Outcrop exposures offer continuity, correlation, and resolution of geological data well beyond that of the subsurface, and serve as ‘idealized’ analogs for reservoirs. In this study, measured sections, photomosaic mapping, DGPS, and LIDAR data were collected along a 38 km dip exposure of Lower Jurassic carbonate ramp strata in the High Atlas of Morocco, and converted into a static model using multiple point statistics (MPS). The goal was to generate new modeling strategies through simulation of ramp depositional heterogeneity during both transgressive (TST) and highstand (HST) conditions, and for each of the facies belts observed (inner, middle, outer, and basinal ramp settings).
The MPS approach uses combinations of hard data constraints (i.e. well data) and soft geologic concepts (i.e. depositional models) to populate 3D grid space. Outcrop LIDAR and GPS data were integral for the model stratigraphic framework and representation of complex stratal patterns. Soft constraints entailed Training Images and a Facies Probability Cube, which together capture juxtaposition relationships and spatial proportions and likelihoods of the facies belts while honoring the hard measured section and traced outcrop surface data. Using this approach, ramp depositional heterogeneity was successfully simulated within the sequence stratigraphic architecture, including stratigraphic partitioning of facies belts, ramp progradation and retrogradation, changes in facies belt width, and various types of strike variability.

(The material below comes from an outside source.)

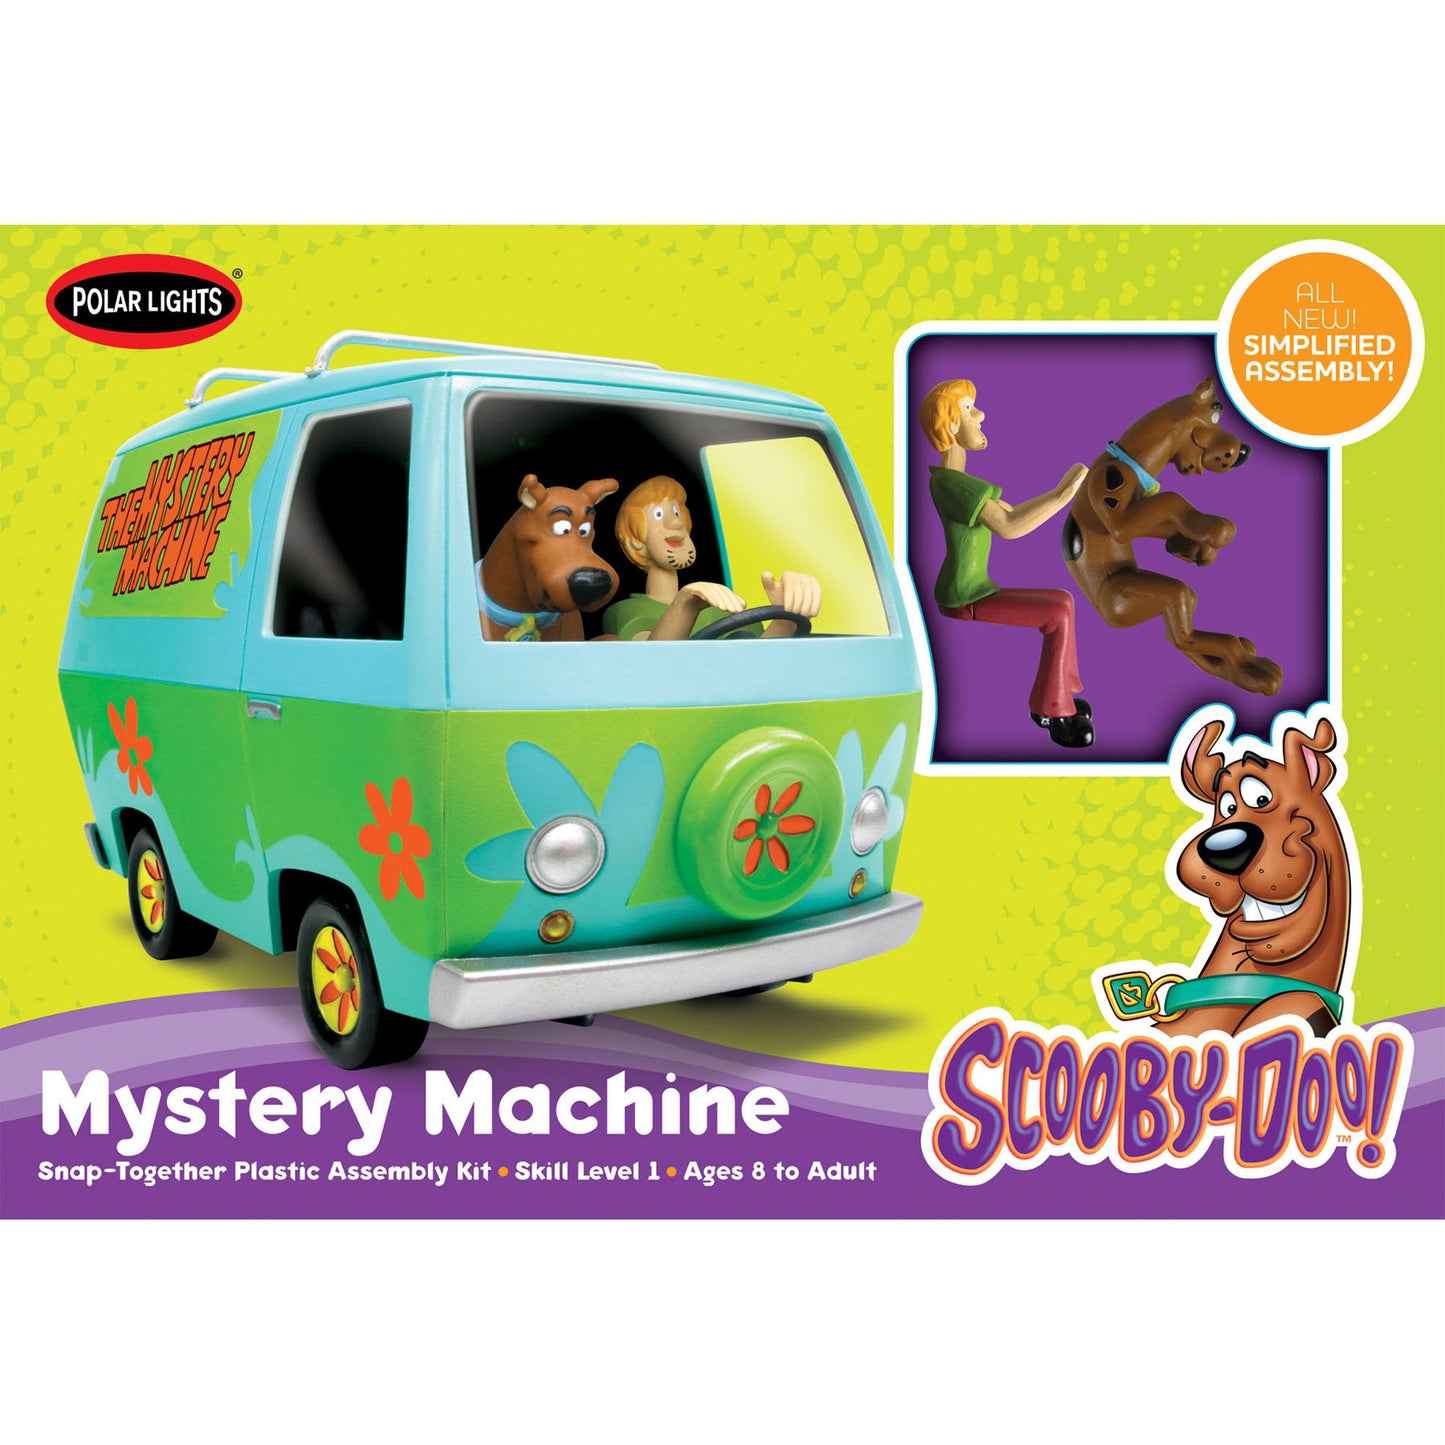 1/25 Scooby-Doo Mystery Machine, Snap Kit

This outcrop-based modeling effort provides strategies that can be incorporated into subsurface modeling workflows. For example, only two systems tract-specific (TST and HST) Training Images were required to capture stratigraphic facies belt partitioning. This enabled simulation of muddier, peloid-dominated settings in the TST and grainier, ooid-dominated settings in the HST for all mapped sequences. High degrees of facies belt interfingering in the Training Images allowed for replication facies belt contraction, expansion, and migration while preserving juxtaposition rules. Depocenter (trend) maps guided the simulation of the paleogeography and large-scale reentrant-promontory configurations. This facies modeling study is the first of a larger effort that includes uncertainty analysis, experimental design, flow simulation, and field testing with subsurface data of key assets. Further experiments aim to address the effects of 1) data configuration (i.e. well spacing), 2) facies delineation schemes (i.e. depositional rock types versus depositional cycle types versus petrophysical rock types), and 3) different modeling targets on the preservation of the critical geological heterogeneity that impacts subsurface flow and reservoir quality distribution.